But the further one travels in history, the more one is aware of the process of change. In the early stage, the individual personality is lost in the depths of the social mass and then later, by its own effort, breaks away. From being limited and of small regard, the scope of the individual life expands and becomes the exalted object of moral respect. The individual comes to acquire ever wider rights over his own person and over the possessions to which he has title; he also comes to form ideas about the world that seem to him most fitting and to develop his essential qualities without hindrance. War fetters his activity, diminishes his stature and so becomes the supreme evil. Because it inflicts undeserved suffering on him, he sees in it more and more the supreme form of moral offence. In the light of this, it is utterly inconsistent to require from him the same subordination as before. One cannot make of him a god, a god above all others, and at the same time an instrument in the hands of the gods. One cannot make of him the paramount end and reduce him to the role of means. If he be the moral reality, then it is he who must serve as the pole-star for public as well as private conduct. It should be the part of the State to try to bring his innate qualities to the light. Shall we find some people saying that the cult of the individual is a superstition of which we ought to rid ourselves? That would be to go against all the lessons of history: for as we read on, we find the human person tending to gain in dignity. There is no rule more soundly established. For any attempt to base social institutions on the opposite principle is not feasible and could be convincing only for a moment: we cannot force things to be other than they are. We cannot undo the individual having become what he is—an autonomous centre of activity, an impressive system of personal forces whose energy can no more be destroyed than that of the cosmic forces.
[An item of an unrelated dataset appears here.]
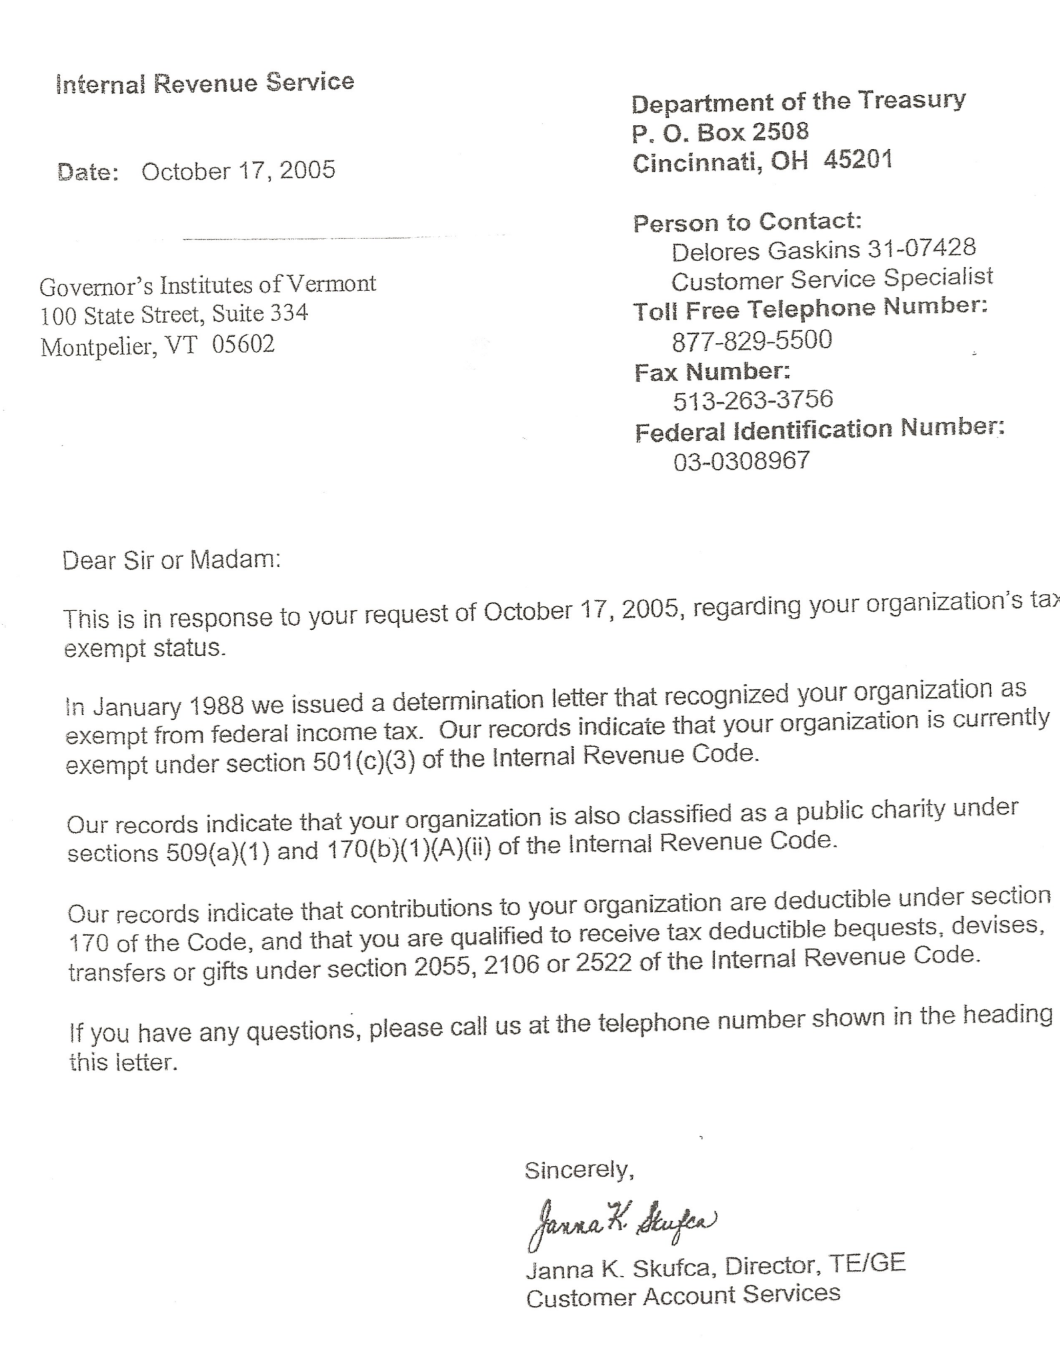 IRS 501(c)3 Tax Determination Letter

It would be just as impossible to transform our physical atmosphere, in the midst of which we breathe and have our being.
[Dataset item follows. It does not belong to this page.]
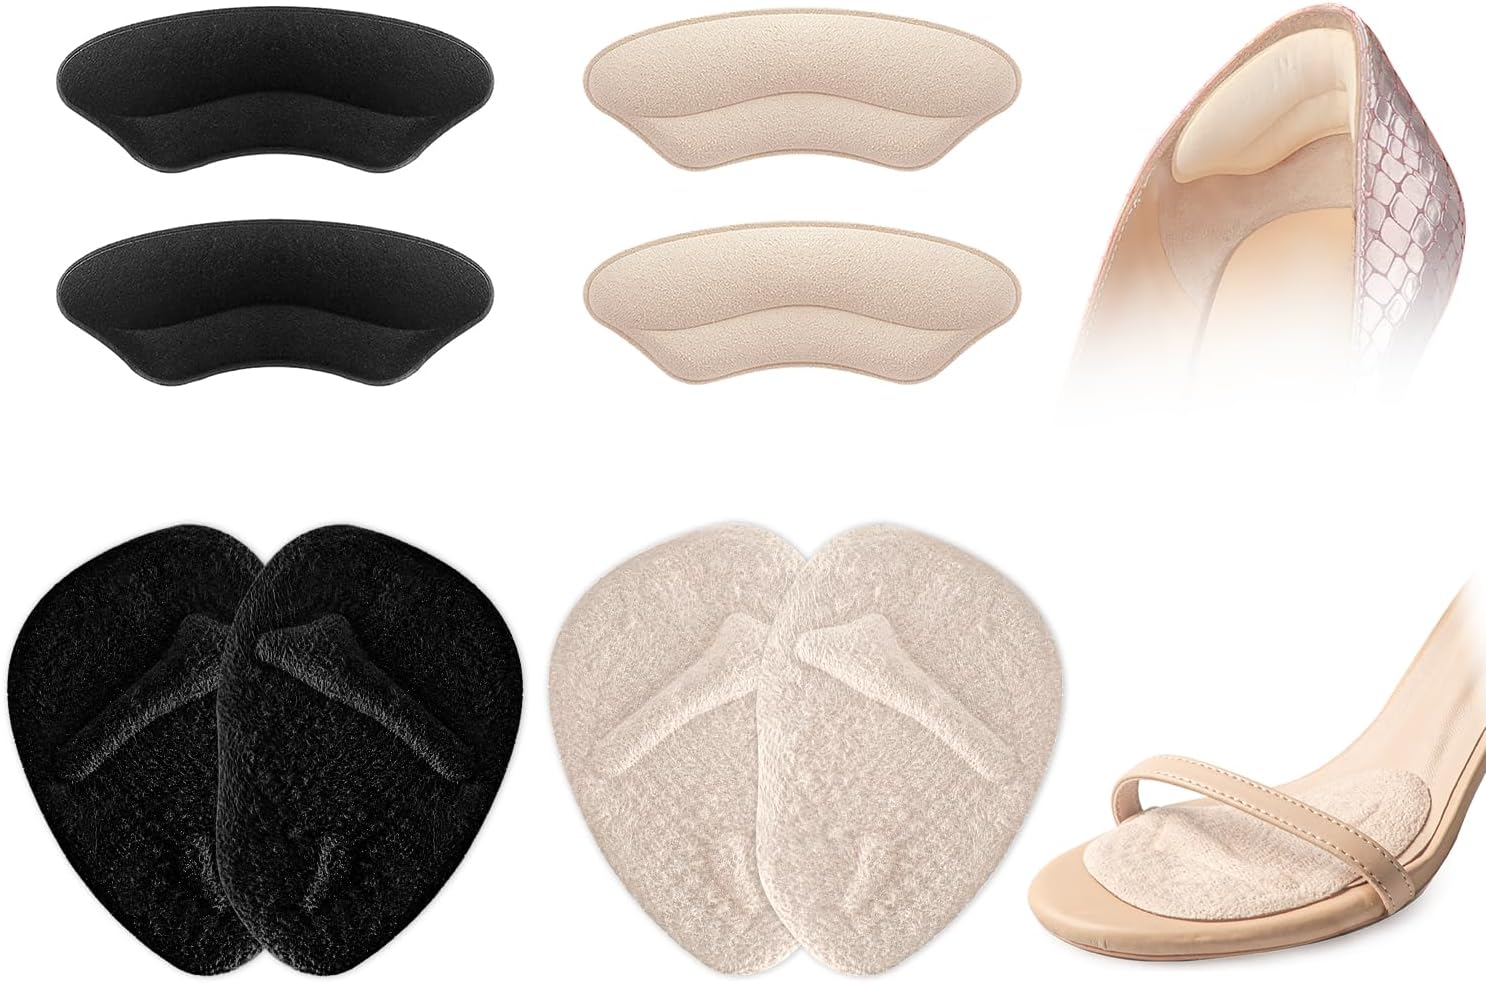 Welcome to our Best Insoles For Heel Pain section, a collection of professionally designed insoles that offer the best solutions for heel pain. Designed for heel pain, our insoles combine comfort and support, designed to help you ease the pain and regain the feeling of lightness in your step.

Do we not arrive here at a contradiction that cannot be resolved? On the one hand we establish that the State goes on developing more and more: on the other, that the rights of the individual, held to be actively opposed to those of the State, have a parallel development. The government organ takes on an ever greater scale, because its function goes on growing in importance and because its aims, that are in line with its own activity, increase in number; yet we deny that it can pursue aims other than those that concern the individual. Now, these aims are by definition held to belong to individual activity. If, as we suppose, the rights of the individual are inherent, the State does not have to intervene to establish them, that is, they do not depend on the State. But then, if they do not, and are outside its competence, how can the cadre of this competence go on expanding, in face of the fact that it must less and less take in things alien to the individual?
The only way of getting over the difficulty is to dispute the postulate that the rights of the individual are inherent, and to admit that the institution of these rights is in fact precisely the task of the State. Then, certainly, all can be explained. We can understand that the functions of the State may expand, without any diminishing of the individual. We can see too that the individual may develop without causing any decline of the State, since he would be in some respects the product himself of the State, and since the activity of the State would in its nature be liberating to him. Now, what emerges, on the evidence of the facts, is that history gives sound authority for this relation of cause and effect as between the progress of moral individualism and the advance of the State. Except for the abnormal cases we shall discuss later, the stronger the State, the more the individual is respected. We know that the Athenian State was far less tightly constructed than Rome, and it is clear that the Roman State, again, more especially the City State, was built on very simple lines, compared with the great centralized States of our own day. Progress in concentration of government in the Roman City took a different course from that in any of the Greek Cities, and the unit of the State had a different emphasis. This point we settled last year. One outstanding fact makes us aware of this difference: in Rome, the direction of religious practices was in the hands of the State. In Athens, it was dispersed amongst the many sacerdotal colleges. Nothing is to be found in Athens corresponding to the Roman Consul, in whose hands all governmental power was concentrated. The administration in Athens was distributed amongst an unco-ordinated crowd of various officials. Each of the group elements that made up the society—clans, phratries and tribes—had preserved an autonomy far greater than in Rome, where they were very soon absorbed in the social mass. In this respect, the distance that stretches between the modern European States and the Greek or Italian States is obvious. Now, individualism had a different development in Rome as compared with Athens. In Rome, the lively sense of the respect due to the person was expressed, first, in recognized terms affirming the dignity of the Roman citizen and, secondly, in the liberties which were its distinguishing juridical features.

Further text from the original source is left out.